*YOUR INSTRUCTIONS*: Reproduce, exactly as they appear, the line containing "Pollito Camiseta Limon" and every line after it, ending with the last line of the records.

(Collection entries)

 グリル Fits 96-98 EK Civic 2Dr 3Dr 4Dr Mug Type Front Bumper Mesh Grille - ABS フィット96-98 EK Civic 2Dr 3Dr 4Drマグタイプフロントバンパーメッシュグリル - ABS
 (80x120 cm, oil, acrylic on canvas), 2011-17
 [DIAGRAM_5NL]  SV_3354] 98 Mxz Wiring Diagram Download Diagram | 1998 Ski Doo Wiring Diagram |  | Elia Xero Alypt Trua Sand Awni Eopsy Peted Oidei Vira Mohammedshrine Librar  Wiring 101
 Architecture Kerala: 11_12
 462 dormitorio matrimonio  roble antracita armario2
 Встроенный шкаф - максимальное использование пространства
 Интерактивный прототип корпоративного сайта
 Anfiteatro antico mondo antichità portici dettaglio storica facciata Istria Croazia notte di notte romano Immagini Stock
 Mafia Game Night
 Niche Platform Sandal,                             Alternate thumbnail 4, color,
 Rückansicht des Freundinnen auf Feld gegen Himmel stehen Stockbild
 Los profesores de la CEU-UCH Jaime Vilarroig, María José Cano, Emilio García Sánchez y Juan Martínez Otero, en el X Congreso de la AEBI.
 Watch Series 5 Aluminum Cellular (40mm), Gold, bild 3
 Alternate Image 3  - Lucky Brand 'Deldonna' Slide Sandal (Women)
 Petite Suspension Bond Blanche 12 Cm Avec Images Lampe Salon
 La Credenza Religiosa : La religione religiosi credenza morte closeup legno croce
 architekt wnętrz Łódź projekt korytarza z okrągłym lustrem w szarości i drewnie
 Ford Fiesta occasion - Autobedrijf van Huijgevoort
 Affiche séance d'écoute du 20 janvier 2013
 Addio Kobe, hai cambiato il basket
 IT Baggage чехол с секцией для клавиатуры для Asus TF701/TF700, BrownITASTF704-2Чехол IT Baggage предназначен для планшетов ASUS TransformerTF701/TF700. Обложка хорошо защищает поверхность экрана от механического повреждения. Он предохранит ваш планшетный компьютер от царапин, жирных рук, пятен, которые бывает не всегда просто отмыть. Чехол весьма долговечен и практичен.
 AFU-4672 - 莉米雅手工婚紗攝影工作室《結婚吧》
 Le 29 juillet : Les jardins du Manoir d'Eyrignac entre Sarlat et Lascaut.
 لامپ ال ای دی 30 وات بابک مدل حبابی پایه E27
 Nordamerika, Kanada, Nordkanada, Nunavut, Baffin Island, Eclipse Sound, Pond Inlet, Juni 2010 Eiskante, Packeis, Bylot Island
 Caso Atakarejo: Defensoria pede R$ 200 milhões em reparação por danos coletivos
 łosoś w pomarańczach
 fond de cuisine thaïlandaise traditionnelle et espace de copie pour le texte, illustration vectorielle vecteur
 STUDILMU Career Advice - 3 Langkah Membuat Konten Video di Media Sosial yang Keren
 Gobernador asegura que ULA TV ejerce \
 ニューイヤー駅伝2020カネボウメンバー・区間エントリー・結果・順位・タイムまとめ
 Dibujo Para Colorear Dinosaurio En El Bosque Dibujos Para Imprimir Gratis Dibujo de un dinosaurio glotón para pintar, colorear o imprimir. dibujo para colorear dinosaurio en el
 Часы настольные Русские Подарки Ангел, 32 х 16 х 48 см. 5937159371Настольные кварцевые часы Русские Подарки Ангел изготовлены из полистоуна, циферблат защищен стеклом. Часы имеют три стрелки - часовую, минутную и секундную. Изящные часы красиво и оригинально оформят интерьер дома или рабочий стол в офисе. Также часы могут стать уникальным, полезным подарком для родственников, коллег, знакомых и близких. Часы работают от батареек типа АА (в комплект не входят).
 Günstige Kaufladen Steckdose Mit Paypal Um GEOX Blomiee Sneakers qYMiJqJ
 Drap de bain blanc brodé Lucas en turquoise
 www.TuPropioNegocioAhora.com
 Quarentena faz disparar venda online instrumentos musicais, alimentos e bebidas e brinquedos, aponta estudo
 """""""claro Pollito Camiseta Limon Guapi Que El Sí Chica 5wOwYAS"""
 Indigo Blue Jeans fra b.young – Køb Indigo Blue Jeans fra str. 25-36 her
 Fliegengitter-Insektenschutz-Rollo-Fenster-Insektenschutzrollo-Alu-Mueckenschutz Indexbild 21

*ANSWER SPACE*:
 """""""claro Pollito Camiseta Limon Guapi Que El Sí Chica 5wOwYAS"""
 Indigo Blue Jeans fra b.young – Køb Indigo Blue Jeans fra str. 25-36 her
 Fliegengitter-Insektenschutz-Rollo-Fenster-Insektenschutzrollo-Alu-Mueckenschutz Indexbild 21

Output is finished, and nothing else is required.